> **Work item**
From the line containing "hannah-rauss-workshop-freie-kalligraphie-noe-io03" down to the line containing "barcelona-spain-catalonia-17.jpg", copy out the entries below exactly, both lines included, and nothing else; pictures do not belong in the copy.

> **Data for this task**
....

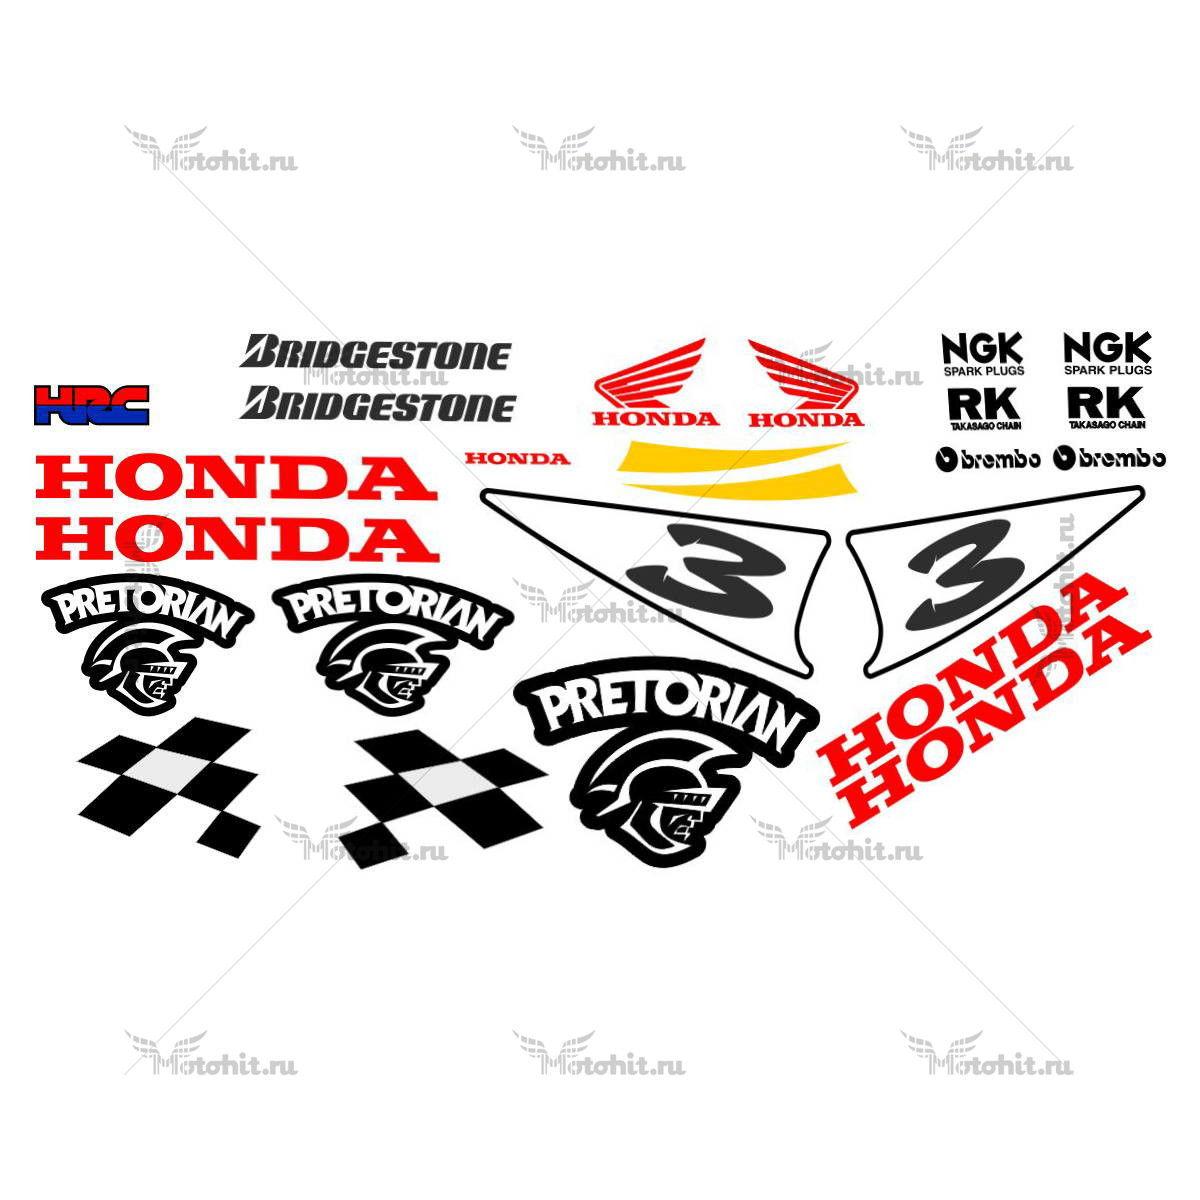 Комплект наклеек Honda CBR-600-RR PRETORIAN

....

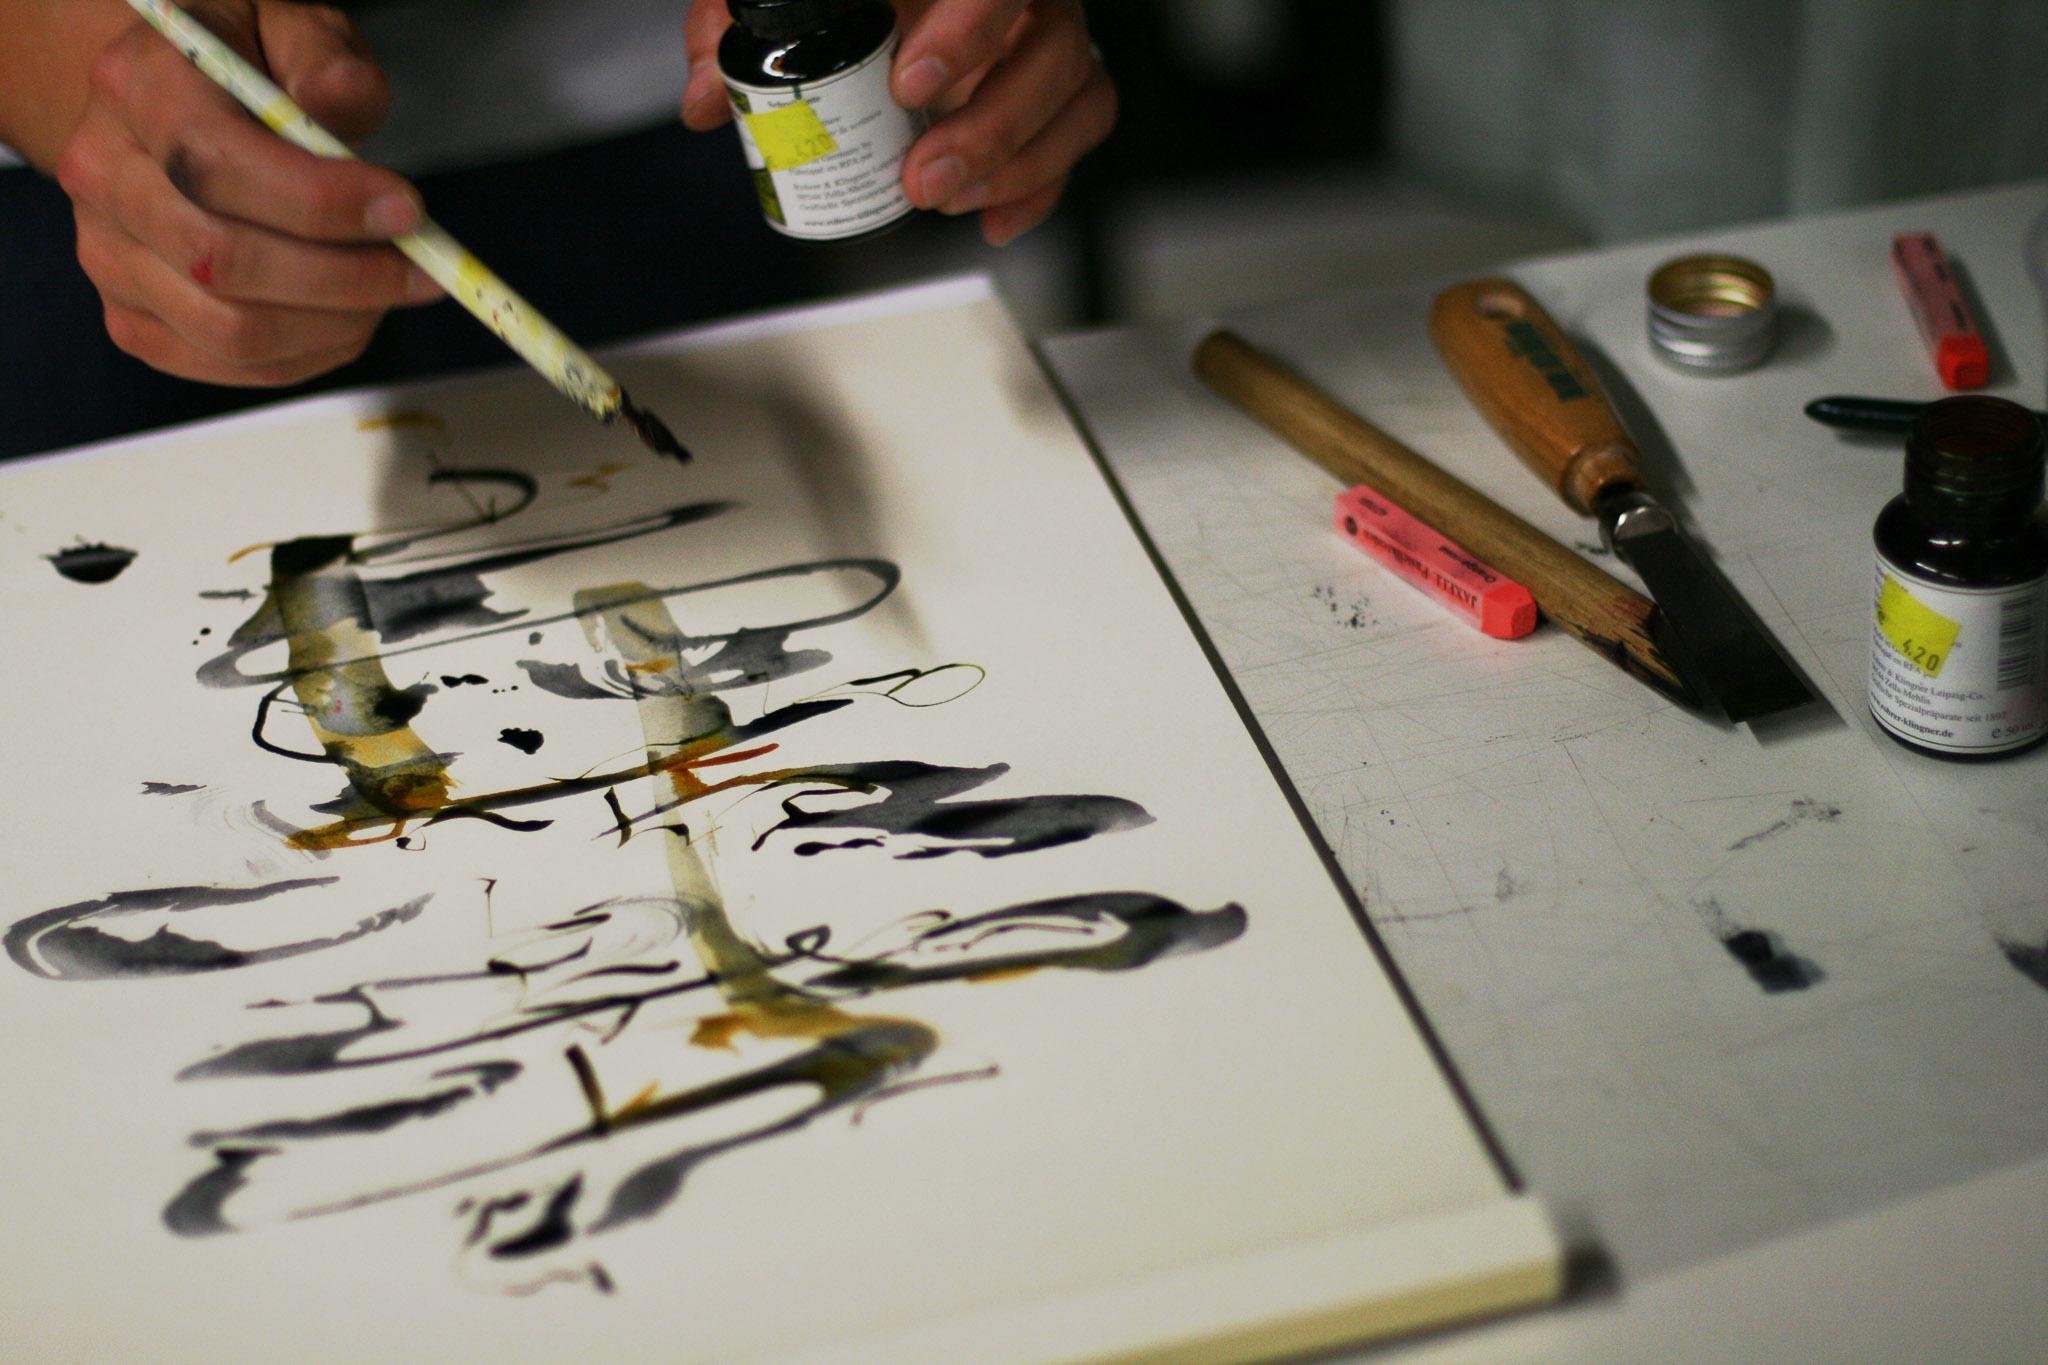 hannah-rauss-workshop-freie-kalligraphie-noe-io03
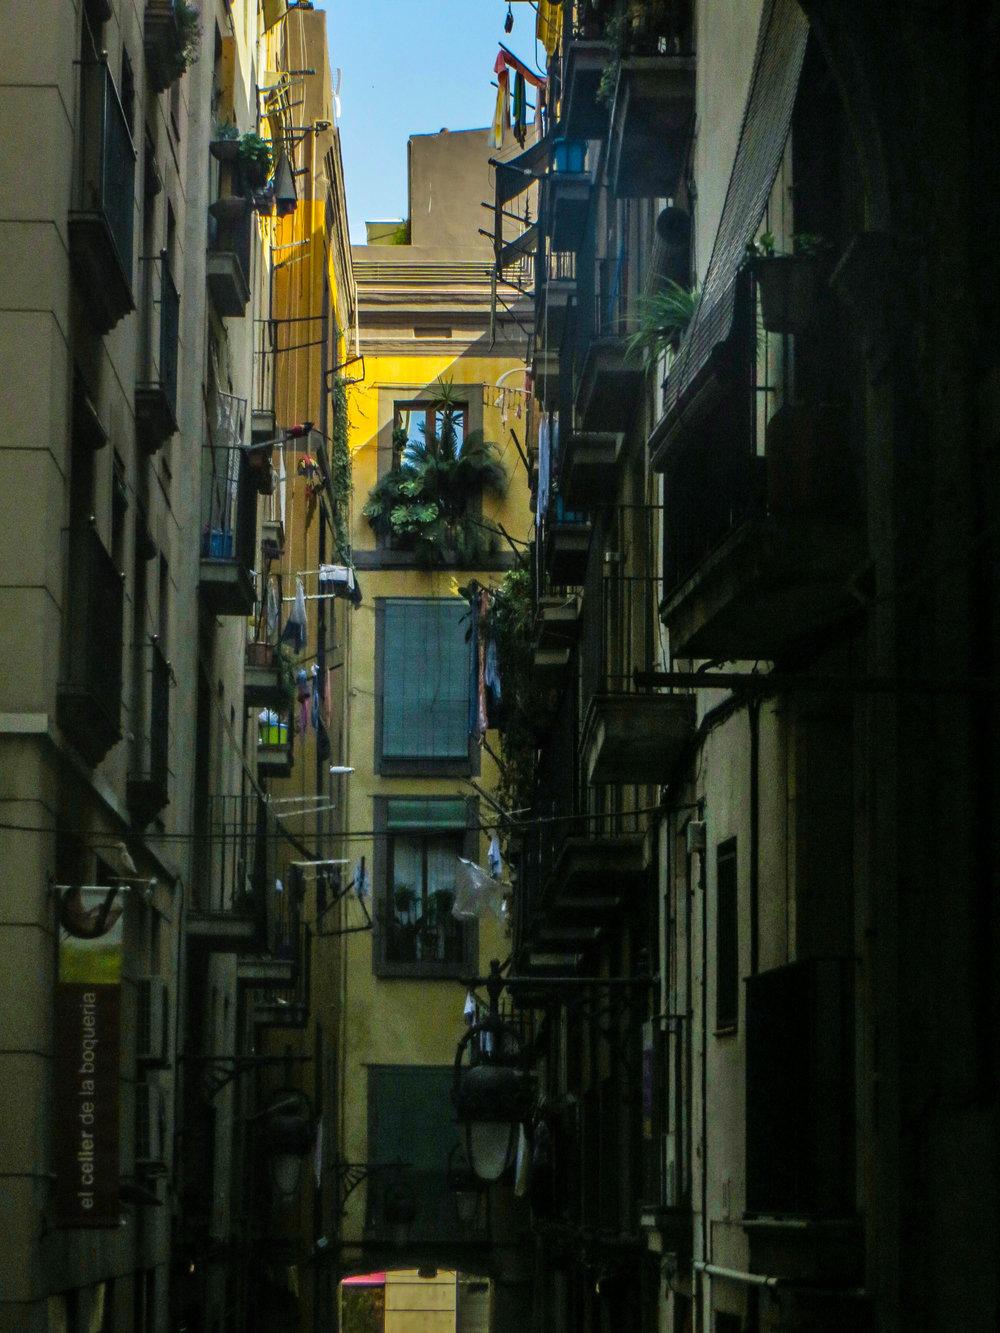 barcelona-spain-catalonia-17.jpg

....

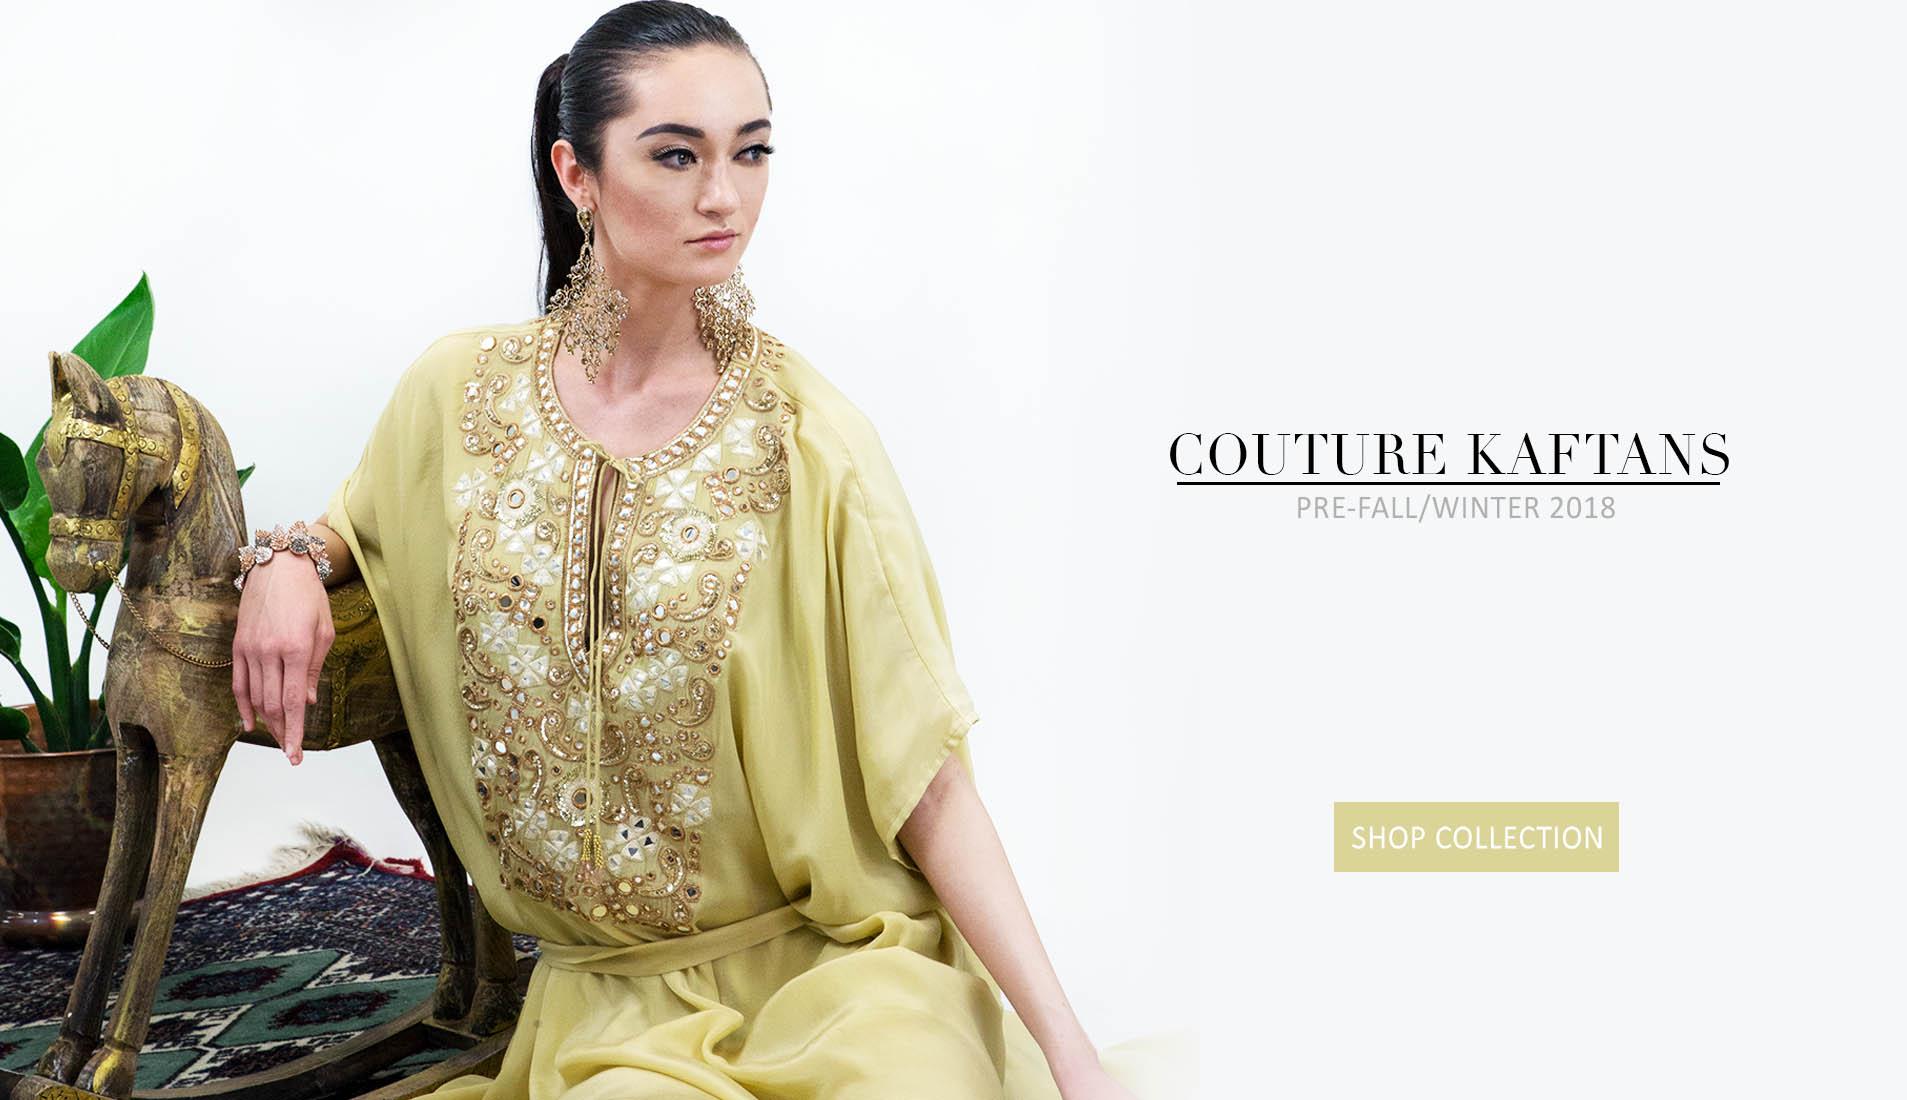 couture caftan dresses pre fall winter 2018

....

> **Answer to the exercise**
 hannah-rauss-workshop-freie-kalligraphie-noe-io03
 barcelona-spain-catalonia-17.jpg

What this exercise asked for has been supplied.